• _EXTRACTED MATERIAL_
----

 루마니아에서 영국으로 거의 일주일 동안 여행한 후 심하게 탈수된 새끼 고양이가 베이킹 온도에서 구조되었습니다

----

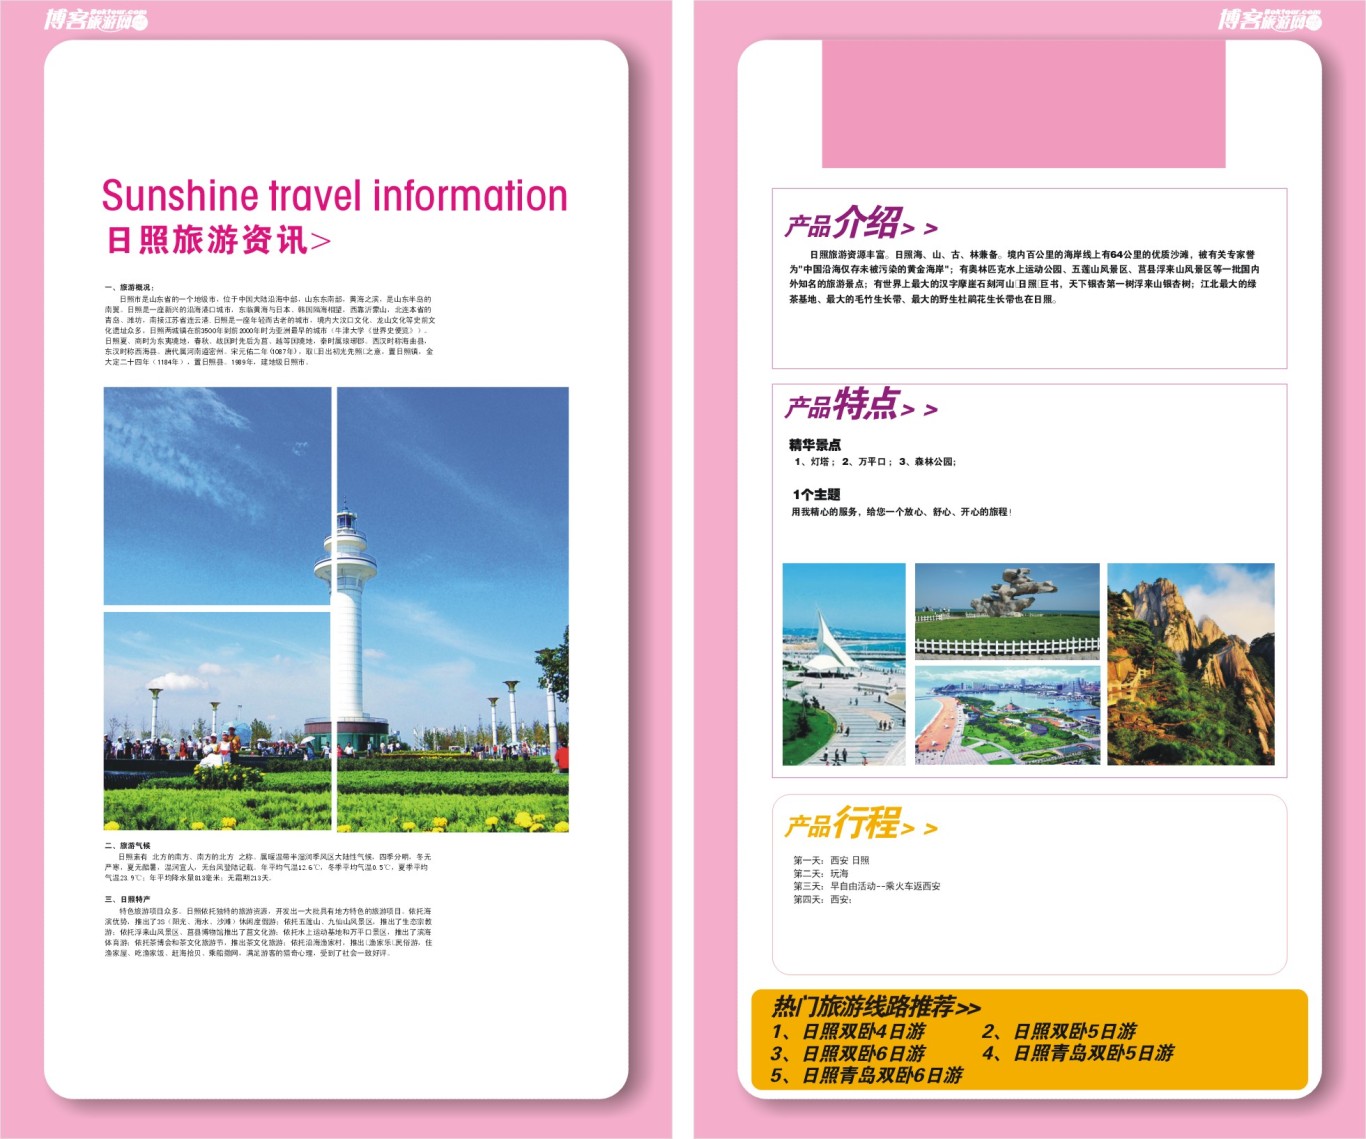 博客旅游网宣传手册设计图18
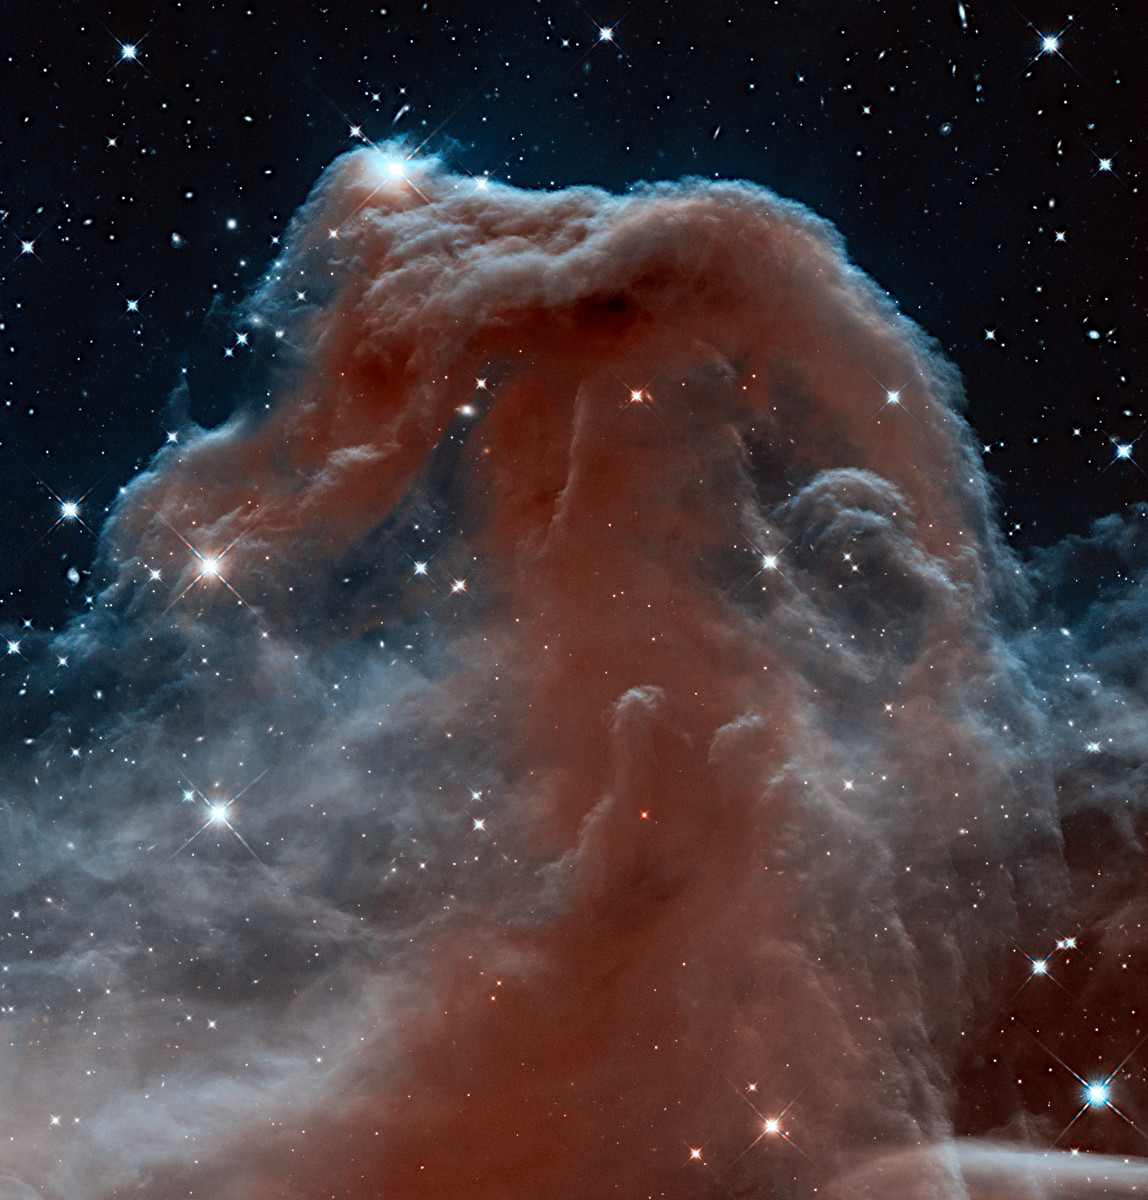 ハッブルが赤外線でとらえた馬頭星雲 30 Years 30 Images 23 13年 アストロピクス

----

• _REQUIREMENT_
Only one stretch of the listing above is to be duplicated: the lines from the one containing "博客旅游网宣传手册设计图18" through the one containing "ハッブルが赤外線でとらえた馬頭星雲 30 Years", both included. Copy them exactly, minus the pictures.

• _RESPONSE AREA_
 博客旅游网宣传手册设计图18
 ハッブルが赤外線でとらえた馬頭星雲 30 Years 30 Images 23 13年 アストロピクス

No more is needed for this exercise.